Length spectrum of spheres

Dear Igor,

The answer is that the length spectrum cannot determine the metric, not even the round metric : there are metrics on the sphere all of whose geodesics are closed and of the same length that are not isometric to the round metric. In fact, by a theorem of Guillemin (The Radon transform on Zoll surfaces. Advances in Mathematics 22 (1976), 85–119) there are lots and lots of Zoll surfaces.

If you pass to Finsler, even in the reversible case where there are lots of closed geodesics, there are more examples. For instance: take a three-dimensional normed space where the unit sphere $S$ is smooth and of positive Gaussian curvature (for any auxiliary Euclidean metric), then the length spectrum of $S$ equals the length spectrum of the sphere in the dual normed space (both with the induced length metric). This is in Dual spheres have the same girth, American journal of mathematics 128 (2), 361-371.


As to the question of closed geodesics all of the same length, there are Zoll metrics, so the length spectrum doesn't characterize even the round metric. See e.g. Besse's "Manifolds all of whose geodesics are closed" Springer 1978, or recent work by LeBrun and Mason on twistor methods applied to Zoll metrics.

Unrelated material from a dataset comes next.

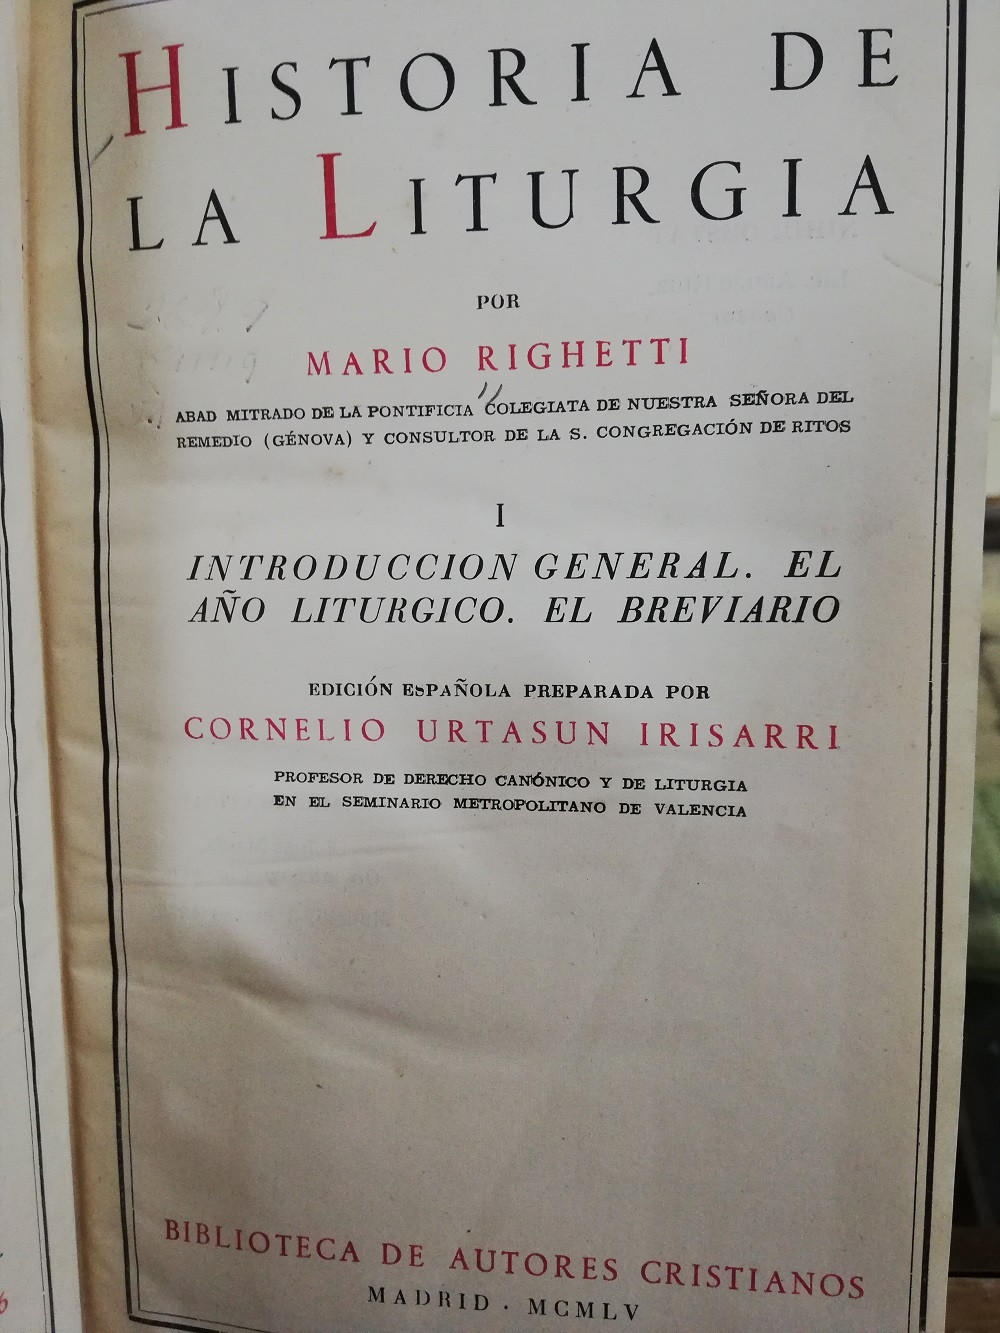 Imagen HISTORIA DE LA LITURGIA - MARIO RIGHETTI 2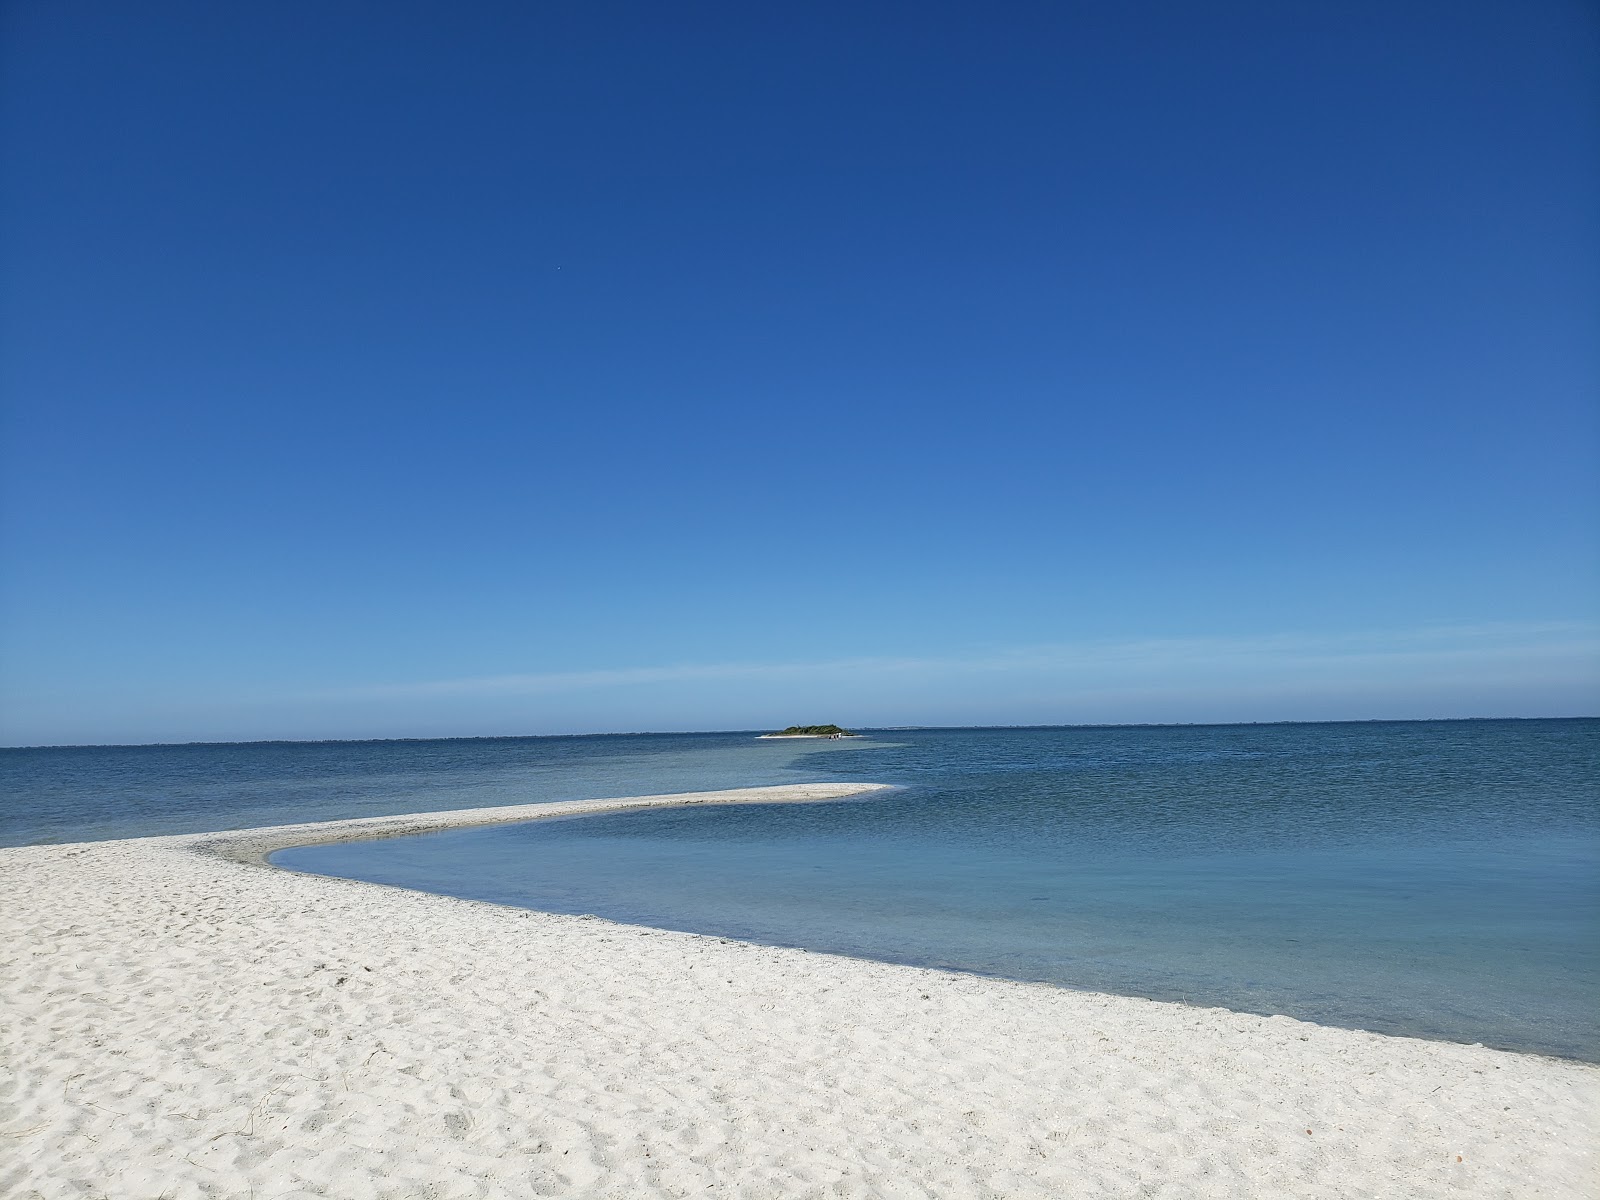 Praia da Salina'in fotoğrafı geniş plaj ile birlikte

On the other hand (and extremally opposite case), for a suitably generic metric, there is the Duistermaat-Guillemin trace formula which implies that the length and Laplace spectra determine each other. But there are isospectral non isometric surfaces. I don't know if there are spherical examples (this seems plausible via Sunada -- or rather Buser -- construction), and even if Zoll metrics are isospectral (which I doubt).

Hope this helps.

EDIT : in fact Berger proved that the round 2-sphere is determined by its laplace spectrum inside smooth metrics, so Zoll's aren't all isospectral.